Ienup Sung wrote:
>
> Well, on the contrary to what you said, it is a very good option since you
> don't have to know anything about what's inside the character bytes which
> means by using the mblen/mbrlen, you can achieve codeset independent
> programming that will support not only Unicode/UTF-8 but also any other major
> codesets in the world.
This assumes that the C standard library the final user is really using,
does really support UTF-8. My current impression is that, unfortunately,
I cannot rely on that assumption, unless (as you note) I require full
Unicode conformance *on part of the underlying platform*. Which is
on practical matters still a heavy requirements these days, at least for me.
> Also, what I meant by is mbrlen/mblen kind of interfaces; of course if
> you want to deal with stateful encoding then you obviously need to use
> mbrlen() that are rather recently added at ISO C MSE/XPG5.
Published in Spring 1995 (I speak about ISO C).

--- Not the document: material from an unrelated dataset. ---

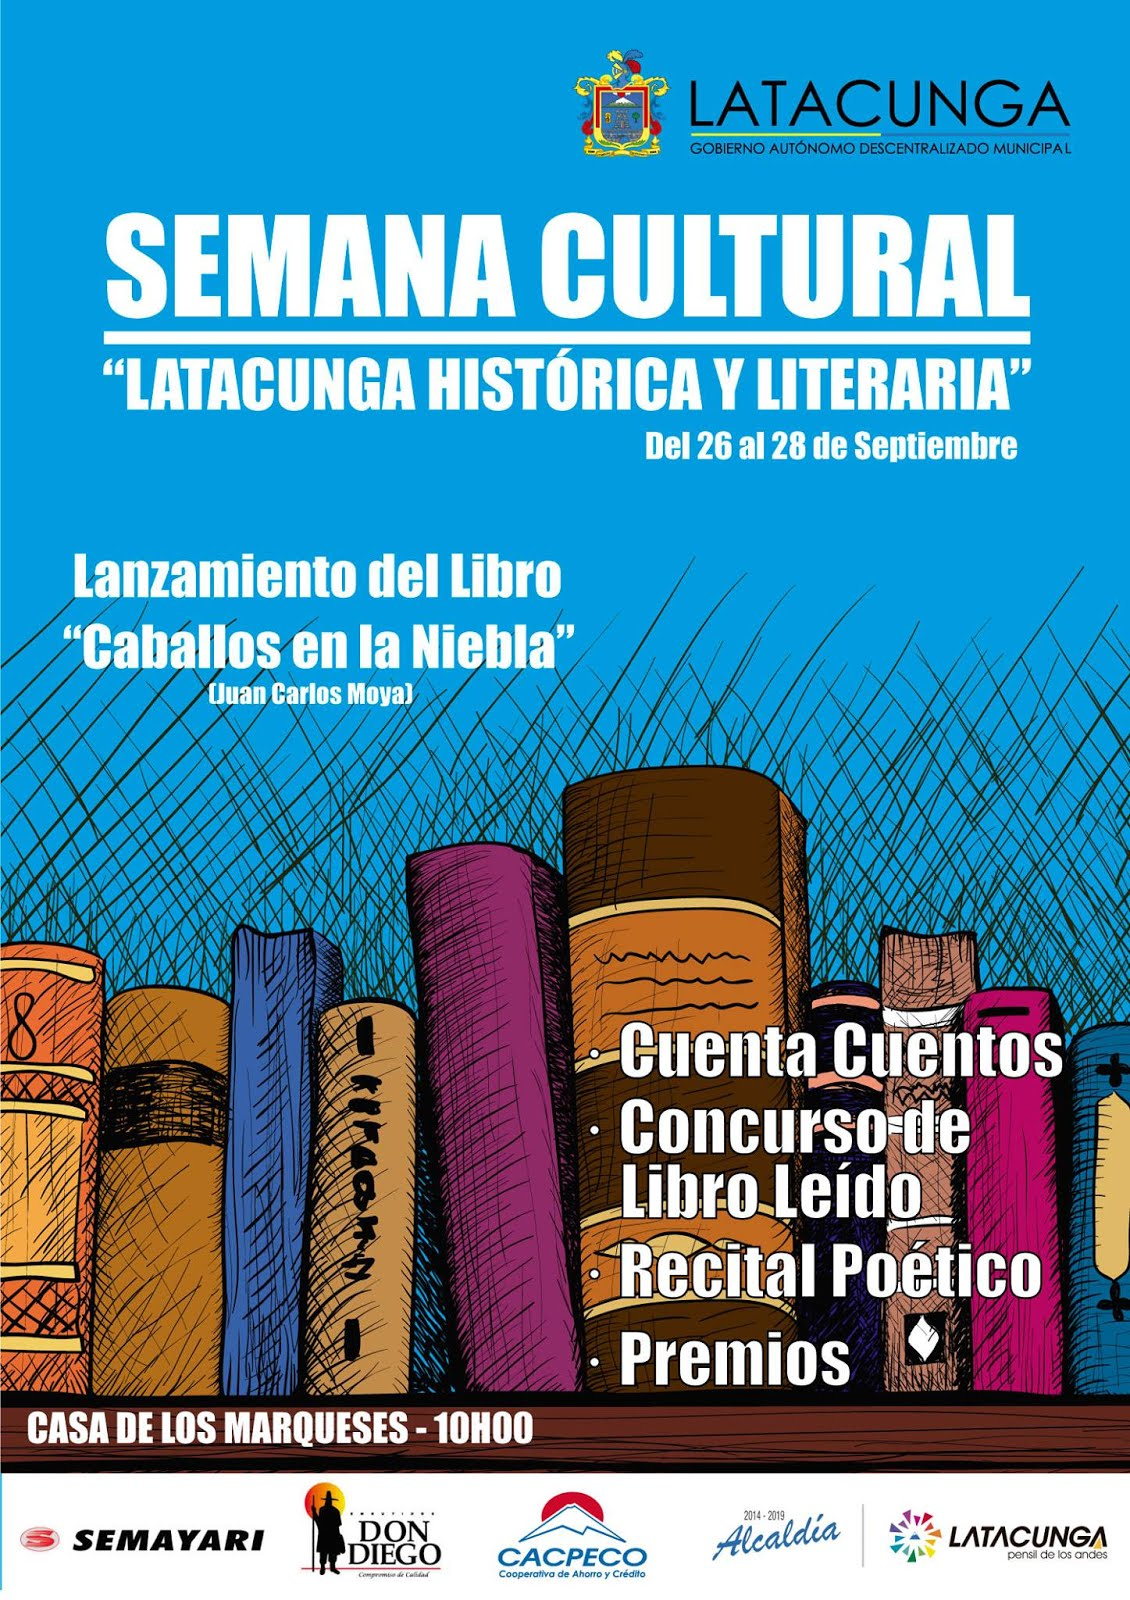 Latacunga Histórica y Literaria 2018
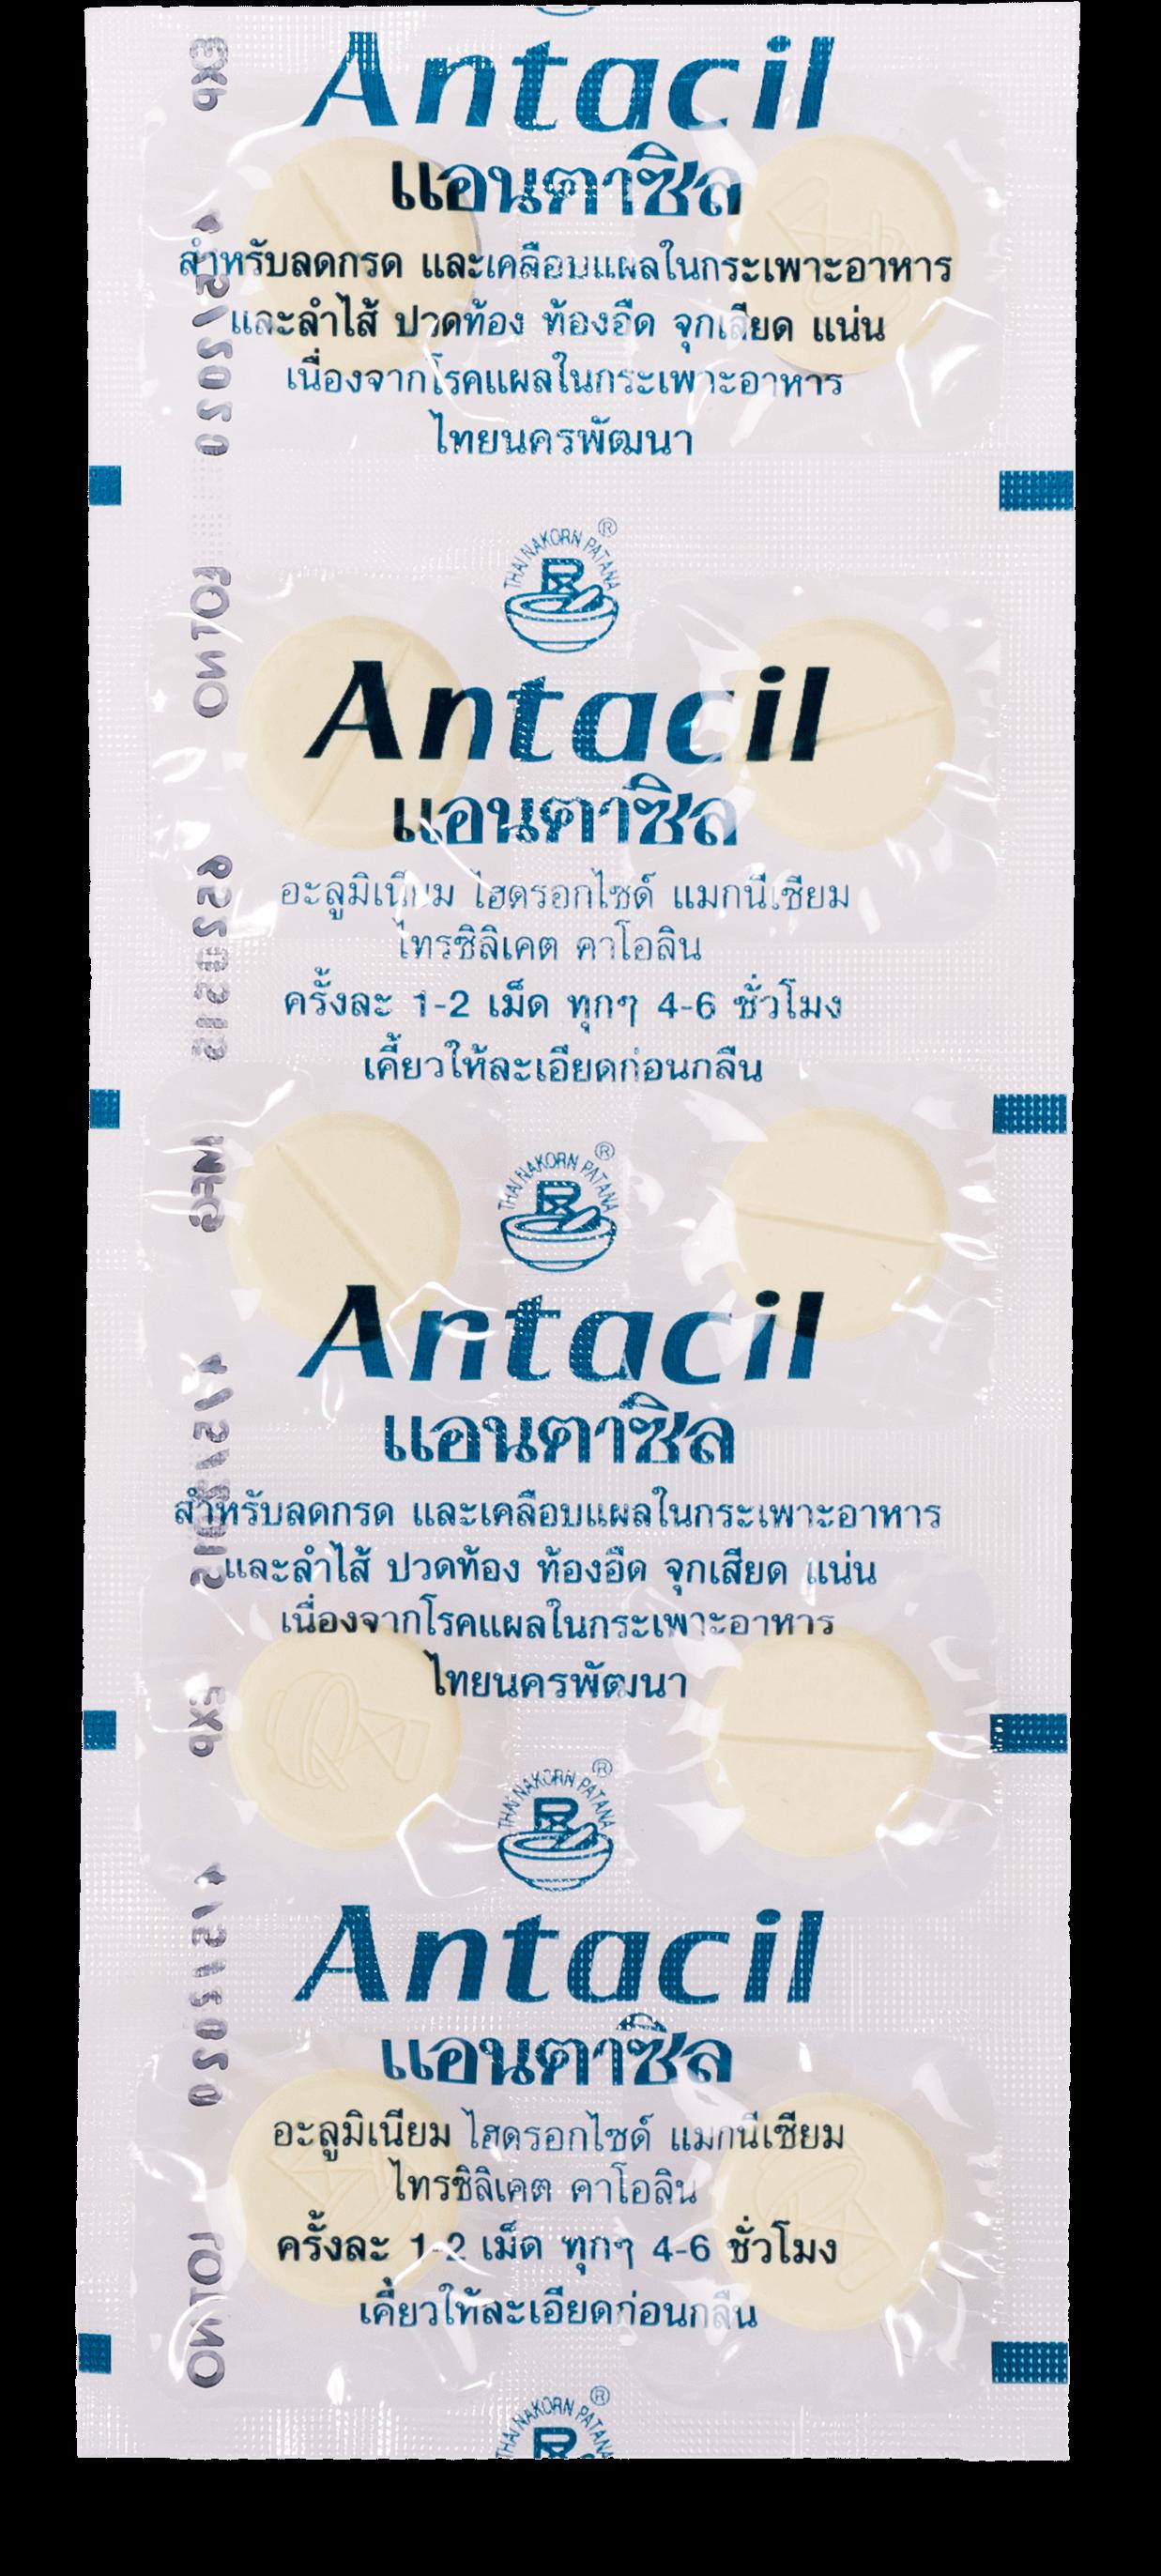 ยาเม็ดลดกรดในกระเพาะอาหาร Antacil ชนิดแผง

I know it has been added "rather recently" in real world
implementations though... And I have some ideas about the
underlying reasons.
> Your argument on mblen doesn't work for BIG5 as a living proof, all
> Unix systems that have BIG5 locale work fine and perfectly with/at
> mblen/mbrlen with the BIG5 locale.
Sorry, I wasn't clear. My idea was that you cannot call mblen() with an
arbitrary pointer, the result would be meaningless: you need to be sure
this is a lead byte or a single-byte character before.
OTOH, with UTF-16, you got meaningful results.
And yes, this is a very minor point.
> Therefore, I argue your argument on mblen and such not working with
> BIG5 and ISO-2022-JP not true and mis-leading.
I never say nor imply that they are not working. I cannot understand what
sentence of mine may have lead to that conclusion. I just said they are not
currently *working* with UTF-8 inputs, which is quite different.
I also said that mblen on any DBCS encodings (and _this_ includes Big-5
or ISO-2022-JP) is more clumsy than the equivalent on UTF-16. Which
is a matter of taste I do not want to discuss any further, since as Michka
rightly points out any discussion about religious matters are useless.
So you can consider you are right.
Antoine